Auchincloss, who was briefly a Republican and worked for Gov. Charlie Baker’s campaign in 2014, won the Democratic nomination last month despite facing intense scrutiny over his past positions and statements from his more progressive opponents in the packed primary field. During the debate Friday, he again framed himself as an “Obama Baker” voter and said progressives will find him to be someone “represents their values and fights for their priorities” in Congress.
“Talking about left, center, right, is not actually addressing what voters in this district care about,” he said. “What voters in this district care about is getting through the COVID pandemic and being able to safely reopen our economy, and that requires bringing people together of all persuasions. My style as a military officer, that’s been my style in business, in local politics — get people in a room together and solve problems together.”
Hall tried to use Auchincloss’s political past against him, arguing that he changed his “entire ideological ideas” in a short timeframe.
“I hear this every time I go out: that people are going across ballot for me because they don’t trust him,” Hall said.
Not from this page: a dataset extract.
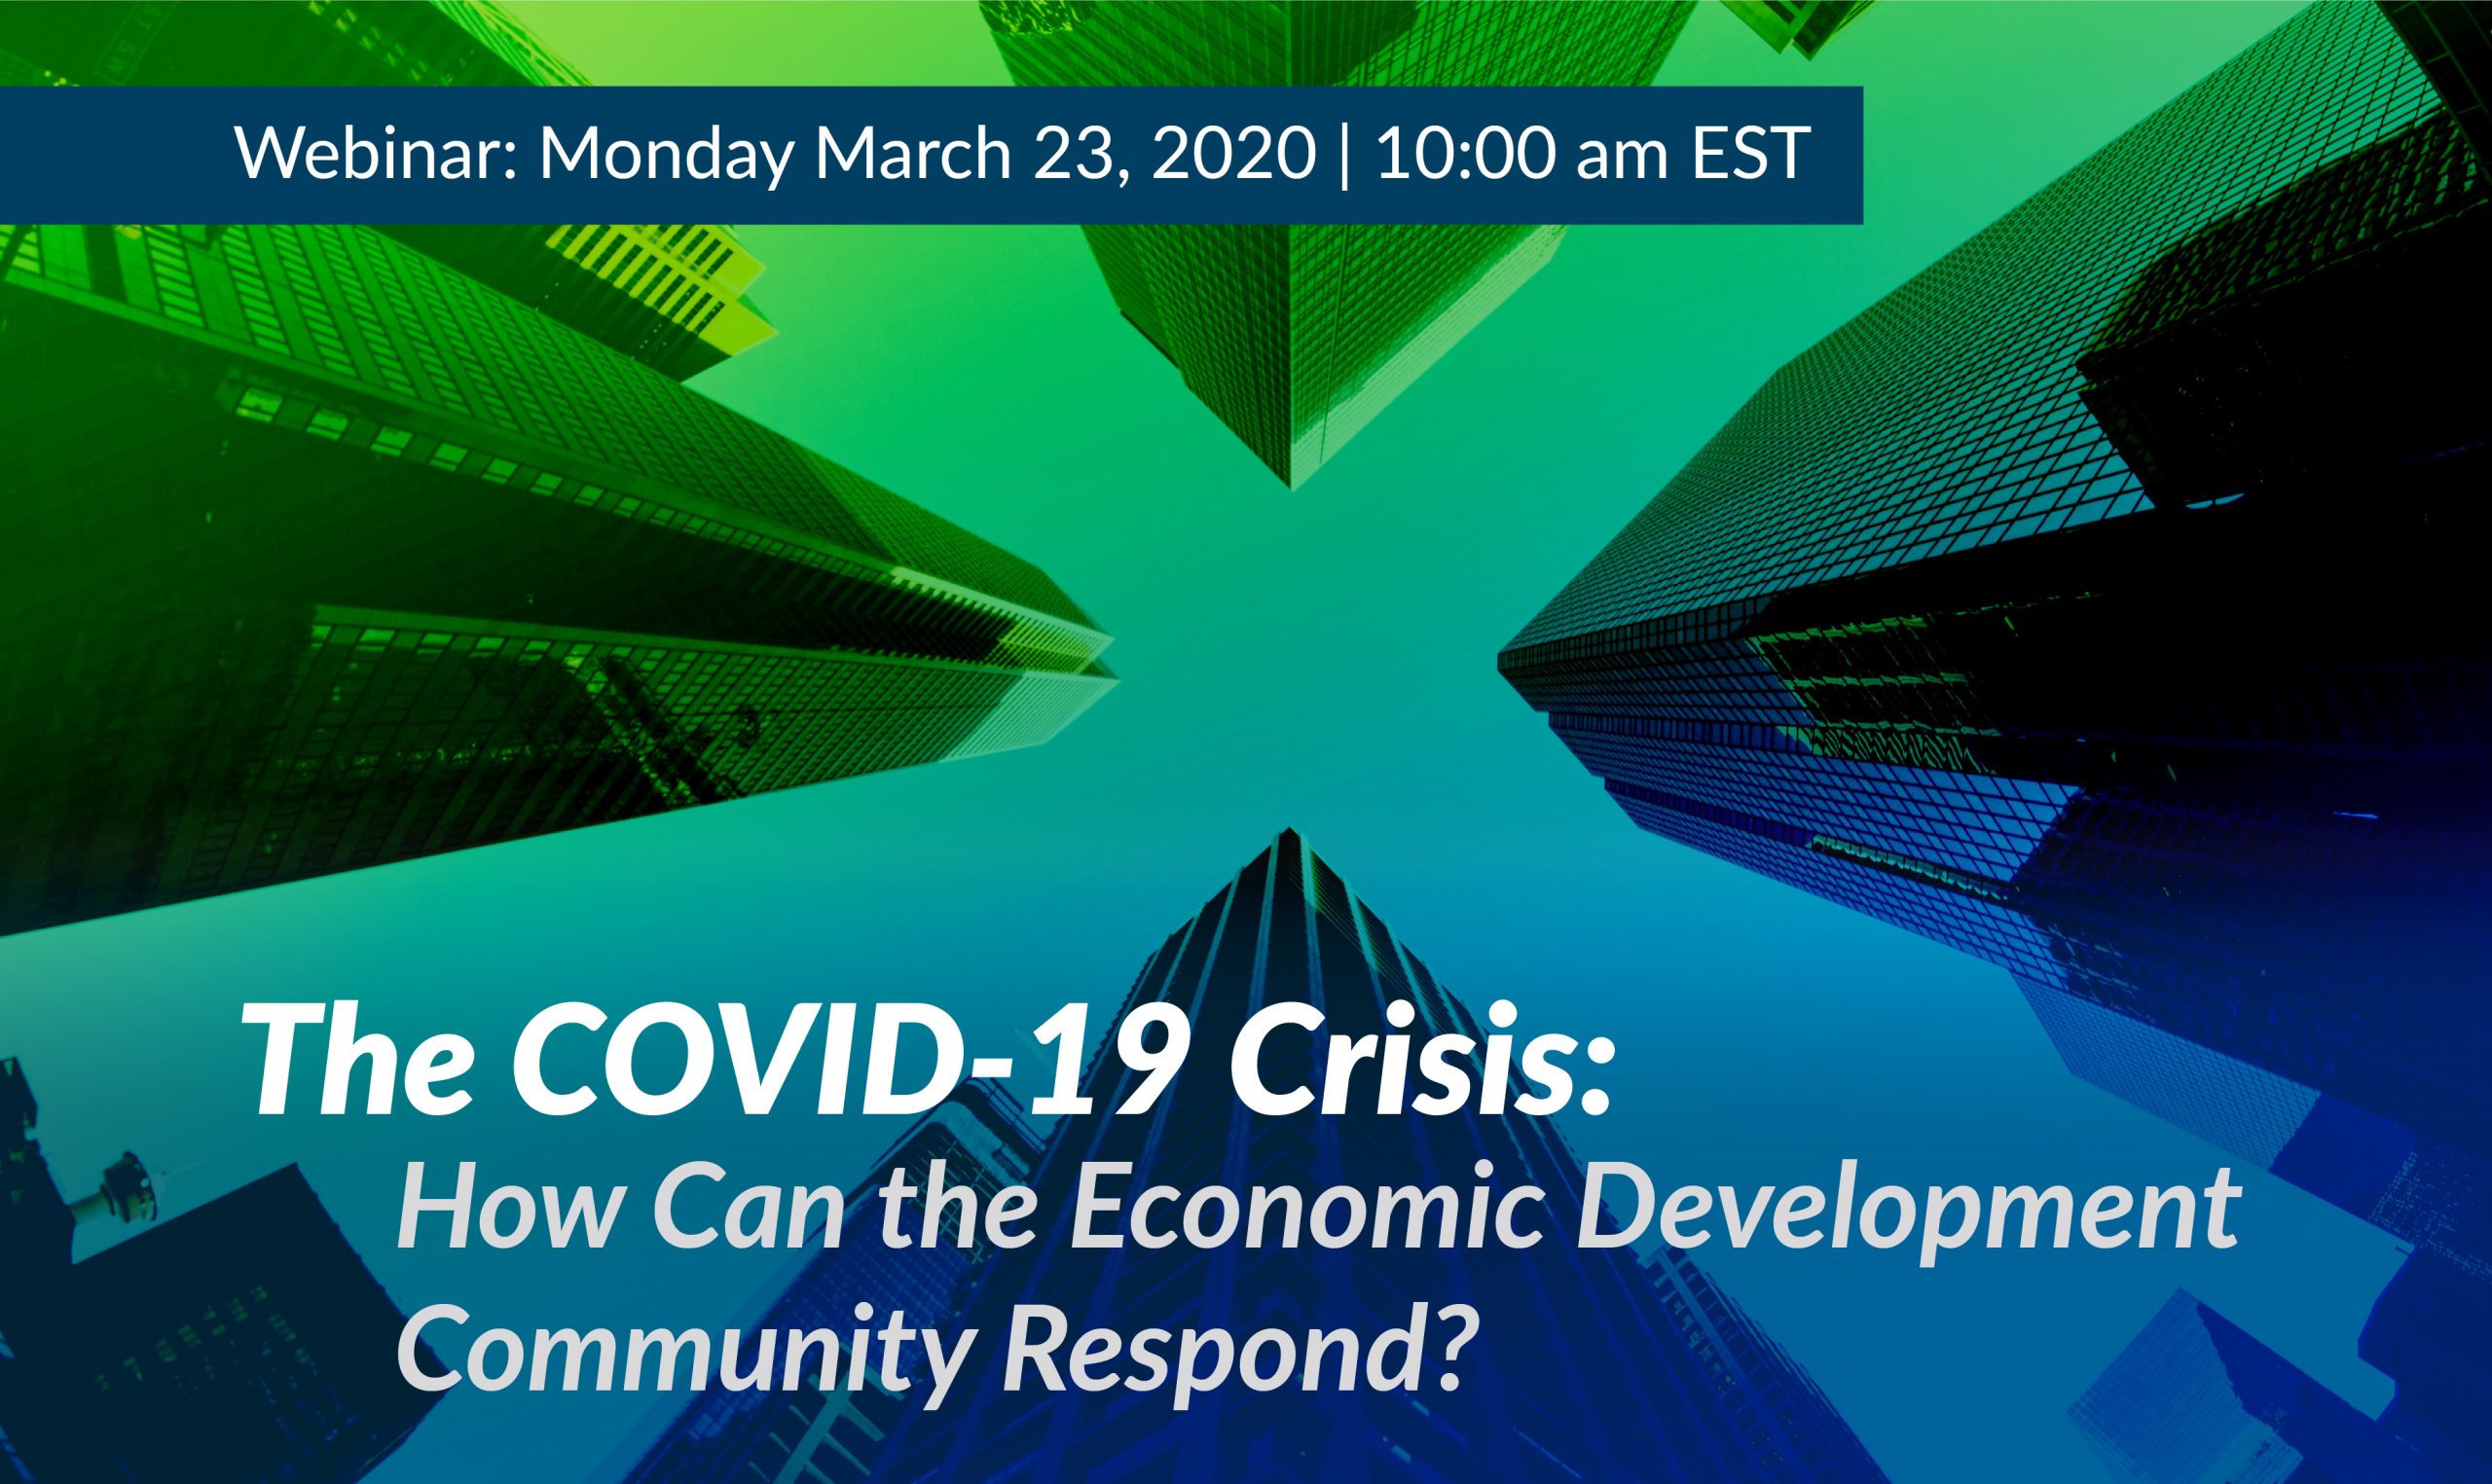 COVID-19 and the Economic Development Community

“I think character is extremely important when you’re going to vote for somebody,” she added. “I don’t have to have all the answers all the time. I have the capacity to get those answers, which I do. I’m a colonel in the United States Air Force. I did very, very well.”
Auchincloss said that, despite changing his party registration, he’d been consistent on his priorities — addressing inequality, transitioning the economy toward clean energy, and passing universal background checks for gun purchases.
Raising the record of errant claims and alleged sexual assault by Hall’s preferred presidential candidate, Auchincloss also questioned her comment that “character is extremely important.”
“I find it disconcerting that someone could support Donald Trump for president while espousing truth and character as important principles,” he said.